Information shown:
________________________

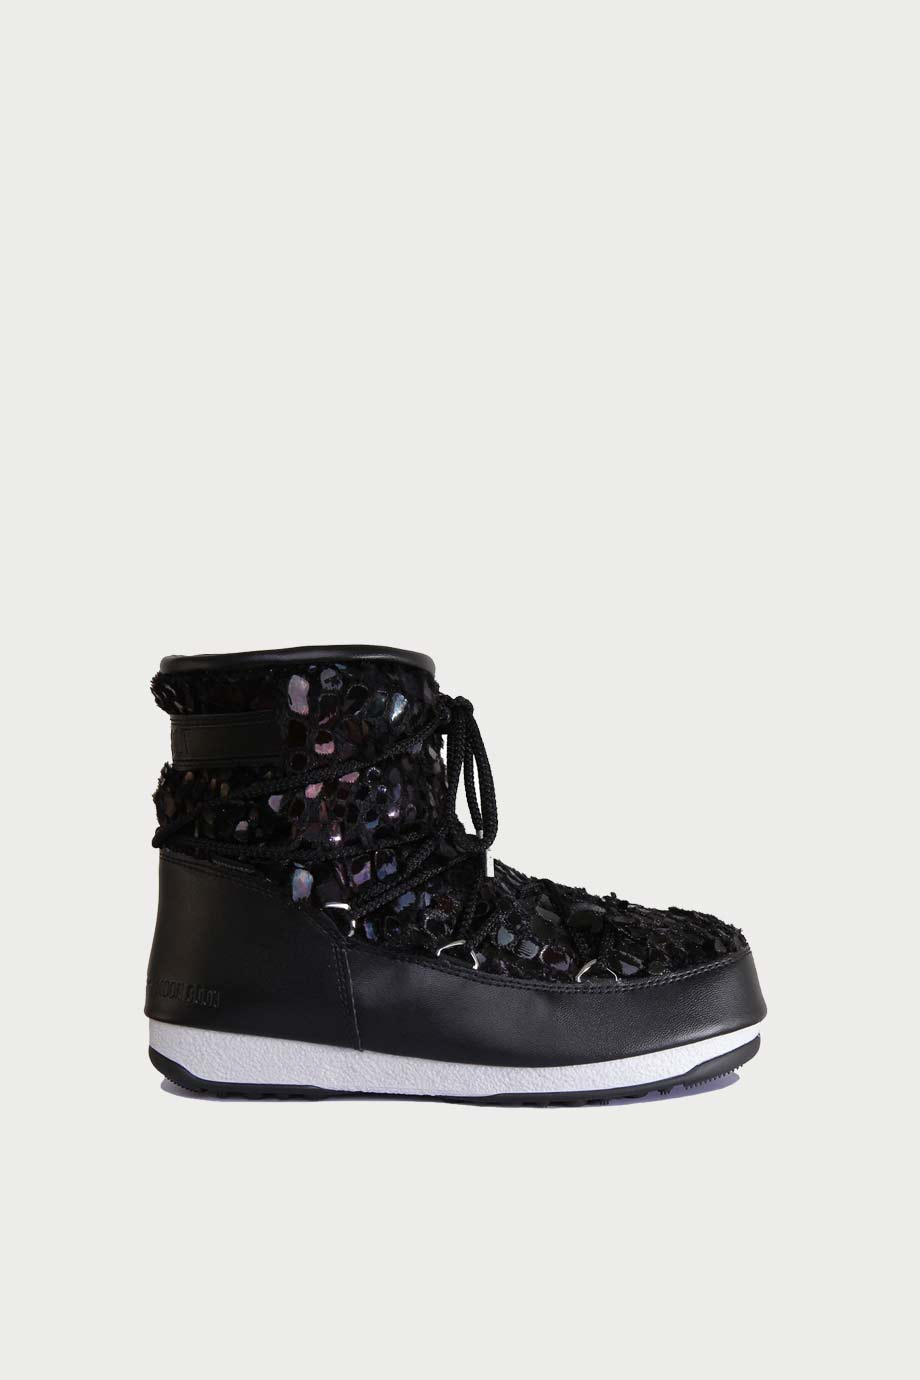 spiridoula metheniti shoes xalkida p 24007000 001 black stones low MoonBoot
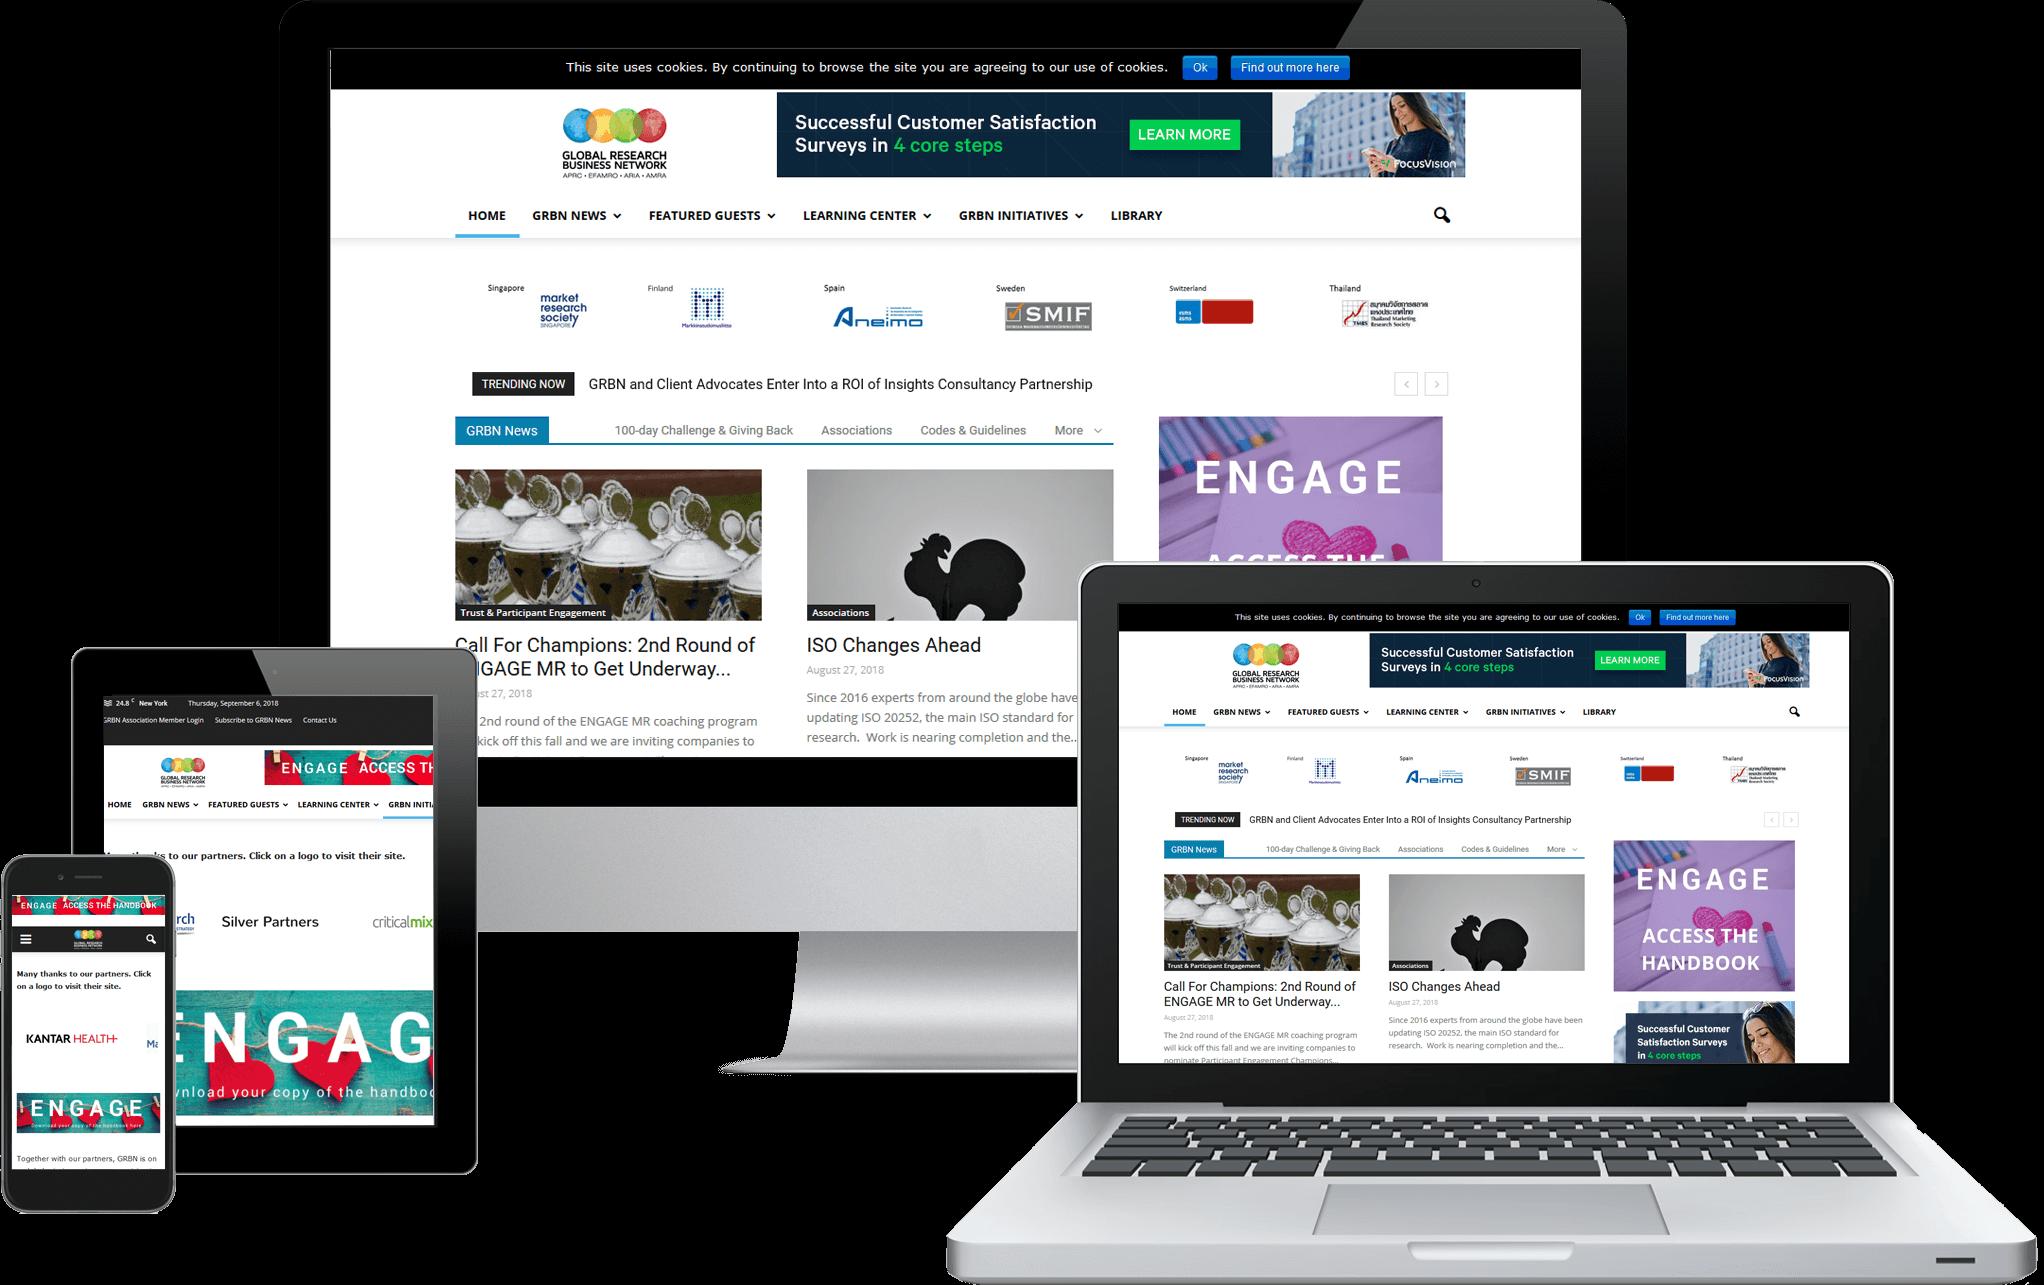 GlobalResearch desktop
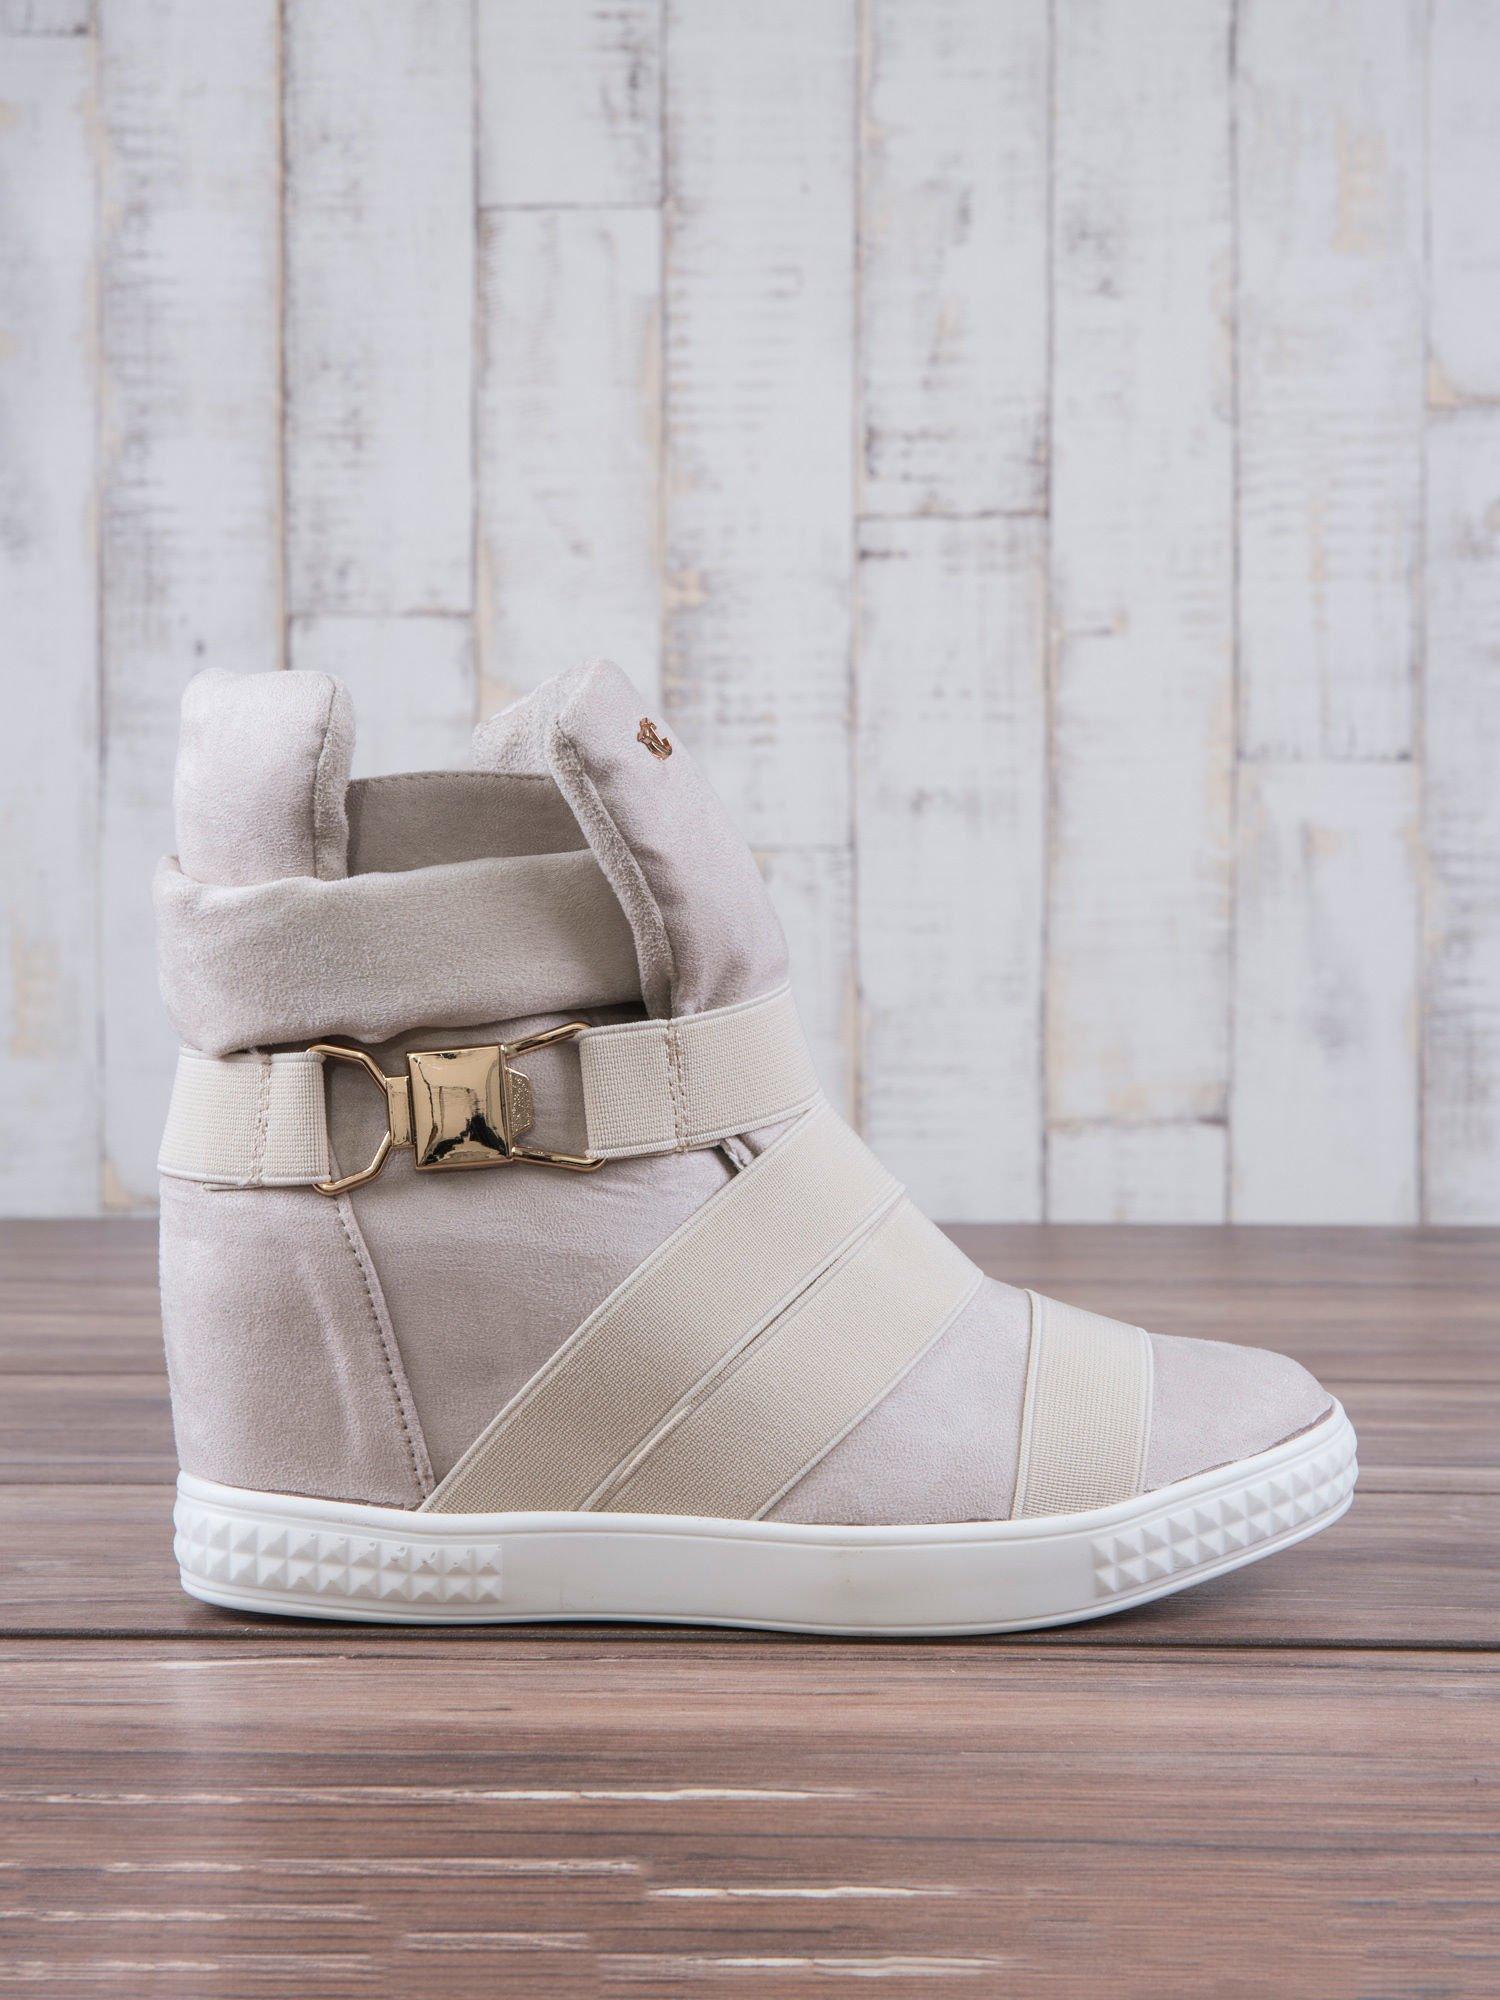 Beżowe zamszowe sneakersy bandage z klamerką Lucky                                  zdj.                                  2

________________________

Task details: Write the material out again exactly as it appears, dropping the pictures.

Answer:
 spiridoula metheniti shoes xalkida p 24007000 001 black stones low MoonBoot
 GlobalResearch desktop
 Beżowe zamszowe sneakersy bandage z klamerką Lucky                                  zdj.                                  2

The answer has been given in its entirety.